Após a investigação, os IPMs, com um relatório sobre absolvição ou denúncia, são encaminhados ao tribunal para análise de integrantes do Ministério Público que atuam na Justiça Militar estadual. Os promotores podem pedir ao juiz o arquivamento ou o seguimento da denúncia. No segundo caso, com a anuência do juiz, a ação penal militar começa a tramitar.
Crimes dolosos contra a vida, como é o caso do homicídio doloso (quando há intenção de matar), devem ser remetidos à Justiça comum. As pessoas denunciadas, se chegam a ser julgadas, vão ao Tribunal do Júri, que é o responsável por julgar crime contra a vida no país.
Na Justiça comum, o juiz pode decidir pela impronúncia (conclusão de que não há indícios suficientes para análise pelo júri), desclassificar o crime (dizer que não há dolo, por exemplo), ou absolver o réu sumariamente. Segundo o CNJ (Conselho Nacional de Justiça), o seguimento do caso para o júri ocorre quando o magistrado decide pronunciar o réu.
Em 2023 e 2024, os dois primeiros da gestão Tarcísio, os inquéritos remetidos à Justiça comum foram, respectivamente, 281 e 404 —parcelas de 84,6% e 73,9% do total de apurações que chegaram ao Tribunal de Justiça Militar paulista neste ano.
Já os arquivamentos foram 34 e 20 no ano passado e neste ano, representando 10,2% e 3,7%, respectivamente, dos inquéritos que começaram a tramitar em cada ano.
Na comparação com o período do governo Doria e Garcia, a taxa de envio dos IPMs à Justiça comum caiu durante a gestão Tarcísio, embora o número absoluto desses procedimentos tenha aumentado.

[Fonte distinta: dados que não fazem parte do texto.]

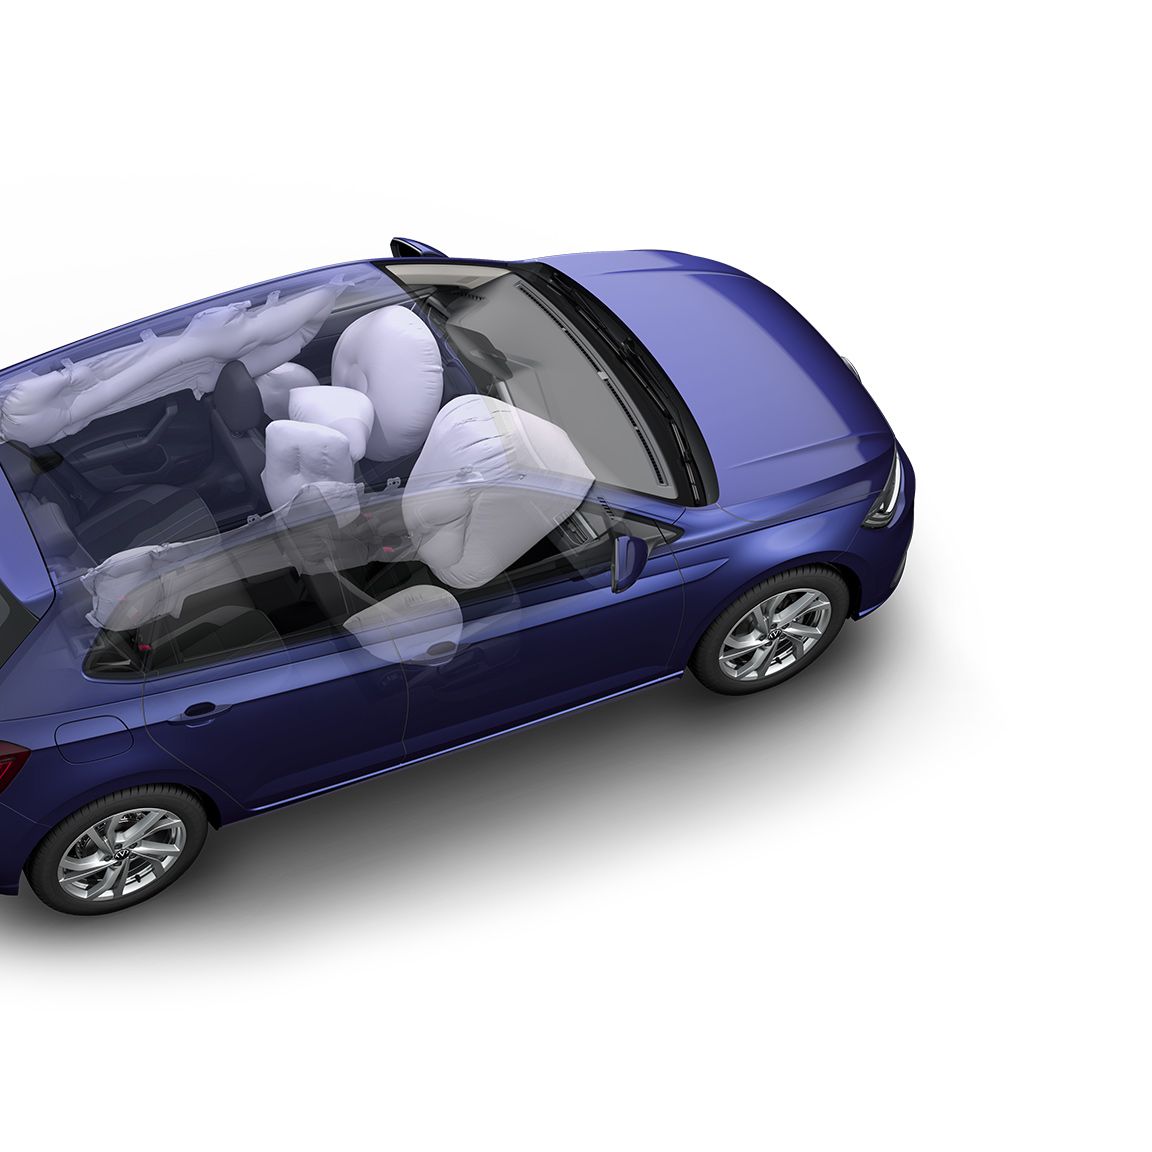 Abbildung zeigt Airbags im VW Polow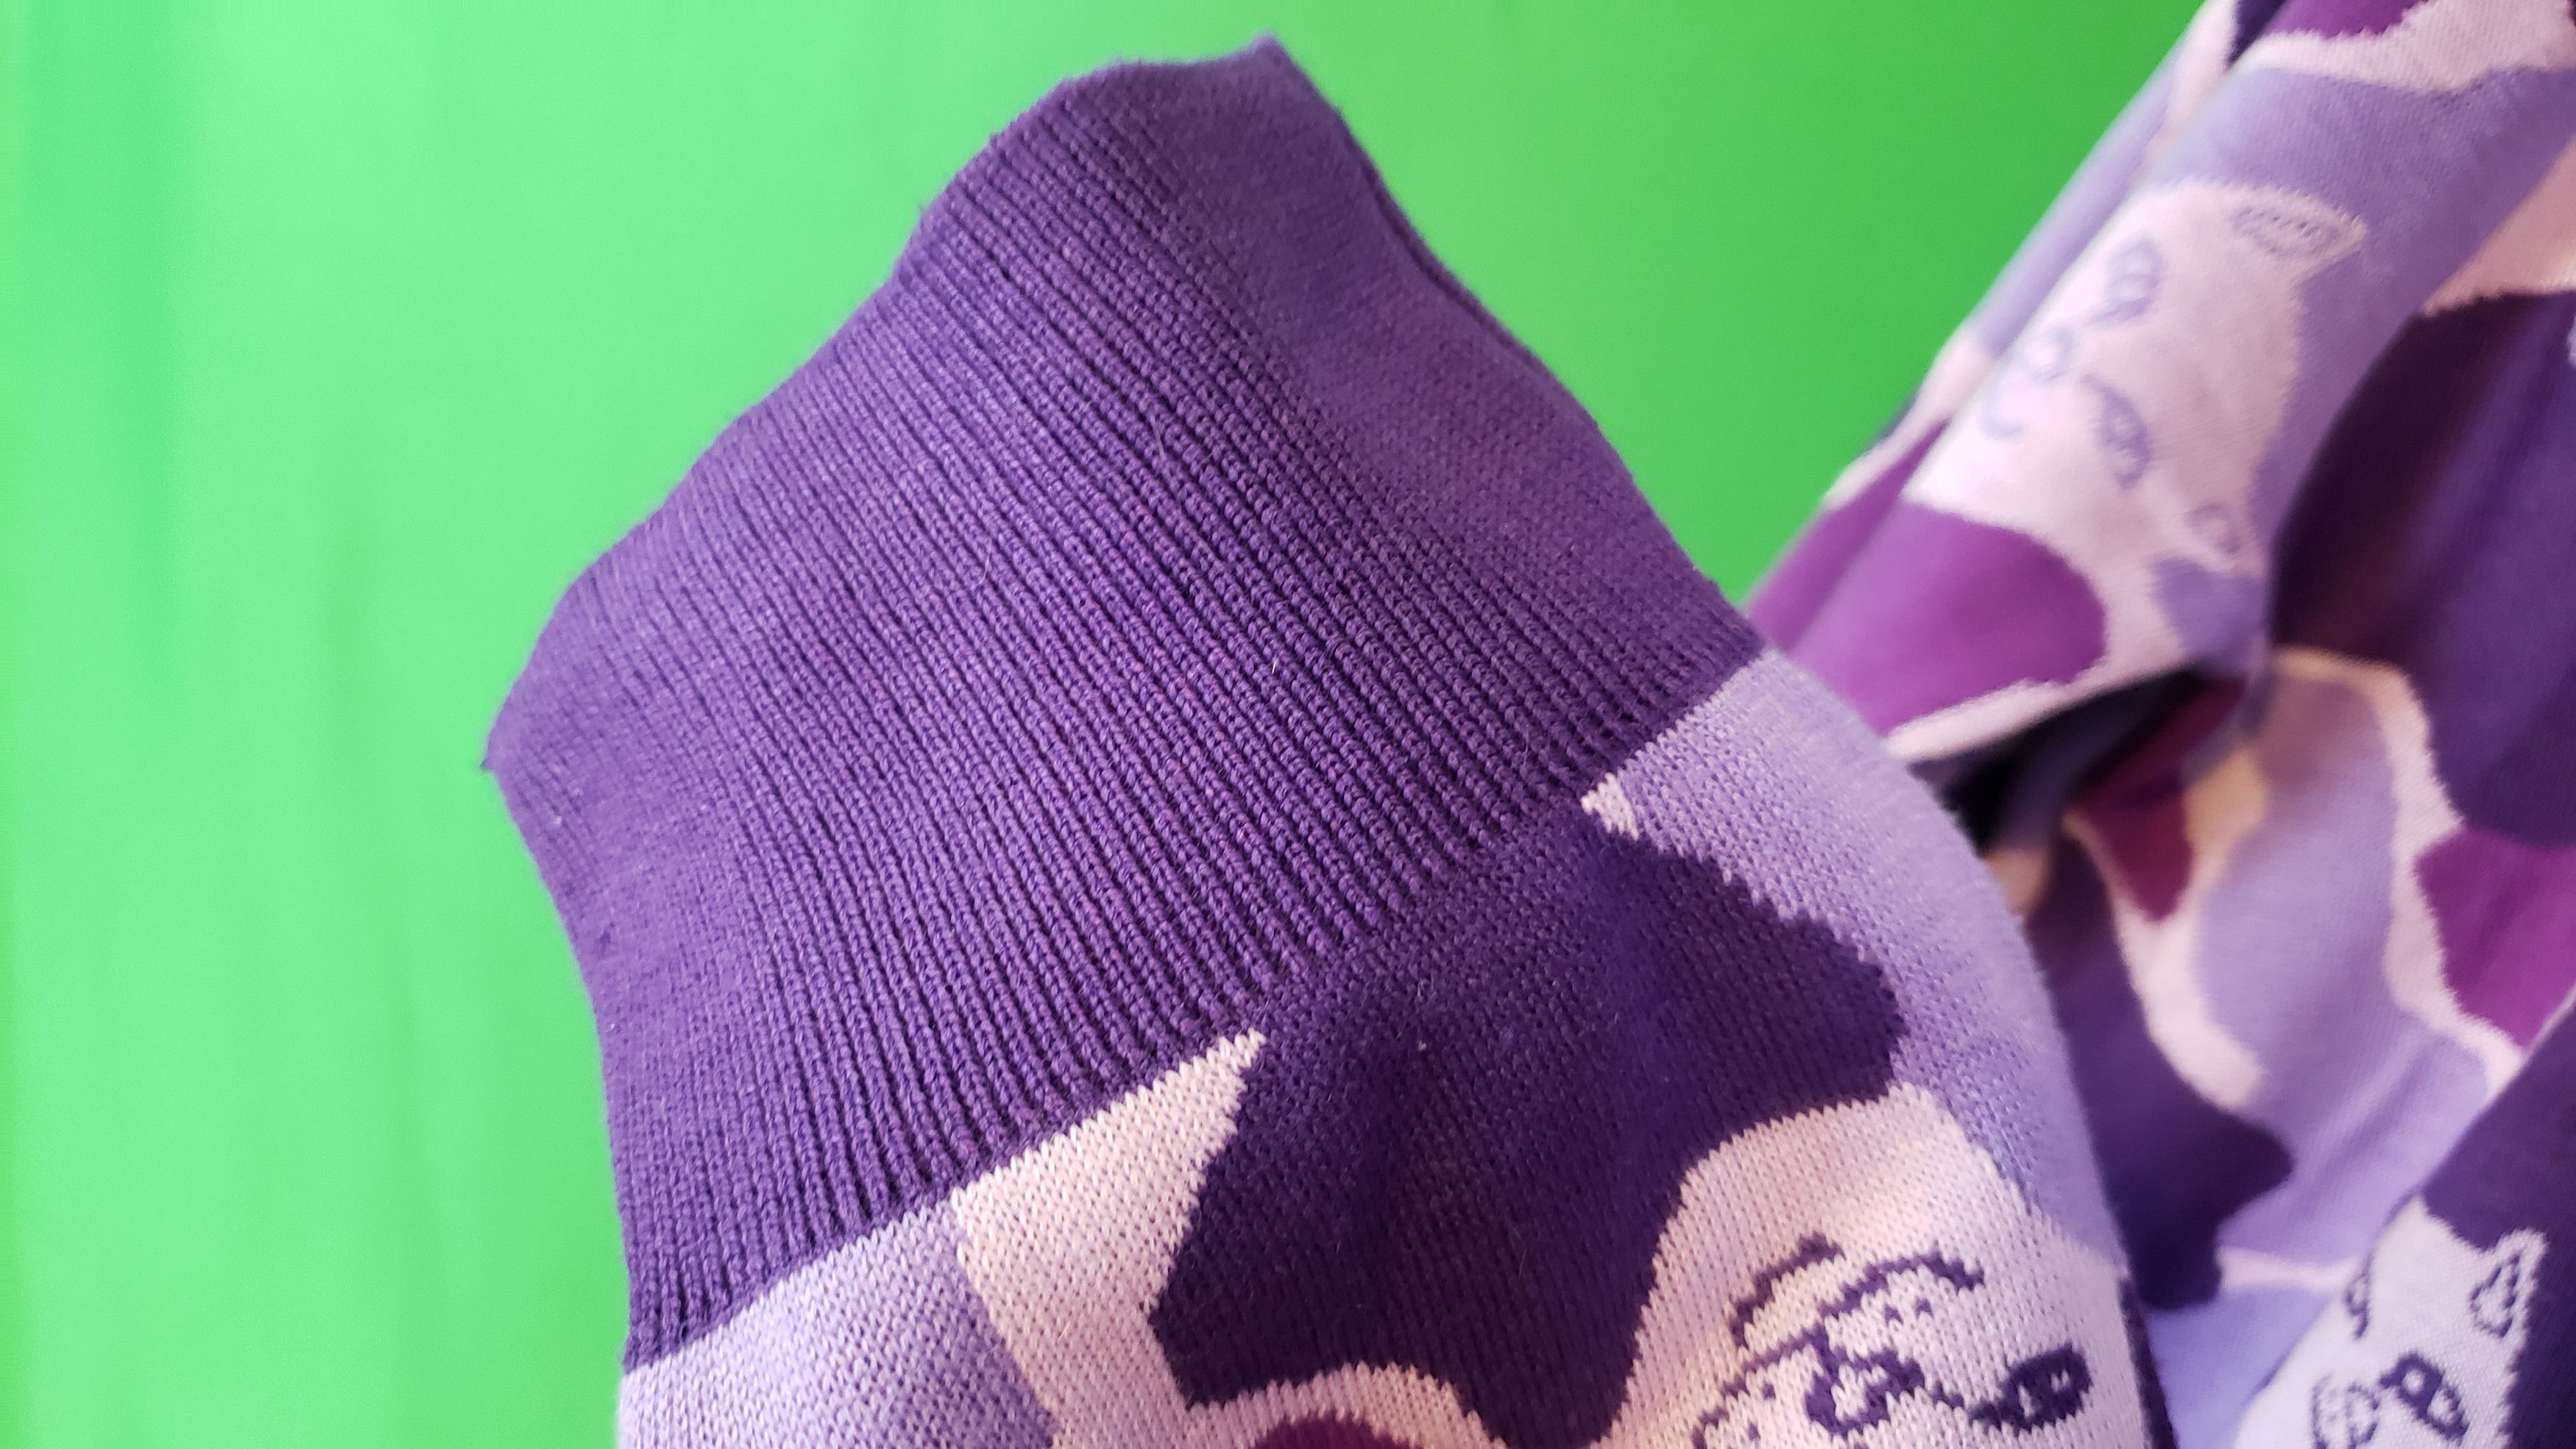 Rip N Dip RIP N DIP Purple Nermal Camo Crewneck Sweater Size US XL / EU 56 / 4 - 6 Thumbnail

Em 2020 e 2021, 9 de cada 10 inquéritos recebidos foram despachados. Houve queda para 79,5% em 2022.
Apesar disso, a taxa de inquéritos arquivados de 2020 a 2022 foi, respectivamente, de 5,2%, 8% e 17,3% —mais altas durante os governos Doria e Garcia.
O caminho dos IPMs, que podem ou não virar ação penal militar, até o Tribunal do Júri, pode começar com um pedido de denúncia direto do Ministério Público que é aceito pelo juiz militar. Mas mesmo se a promotoria pedir o arquivamento, o juiz ainda pode decidir, se considerar que há indícios suficientes para uma denúncia, enviar o processo à Procuradoria-Geral do Estado para uma nova análise e, eventualmente, um novo oferecimento de ação penal.
Segundo o Código de Processo Penal Militar, os inquéritos devem ser concluídos em 20 dias, se o indiciado está preso, ou 40 dias, com a possibilidade de prorrogação por mais 2 dias, se está solto.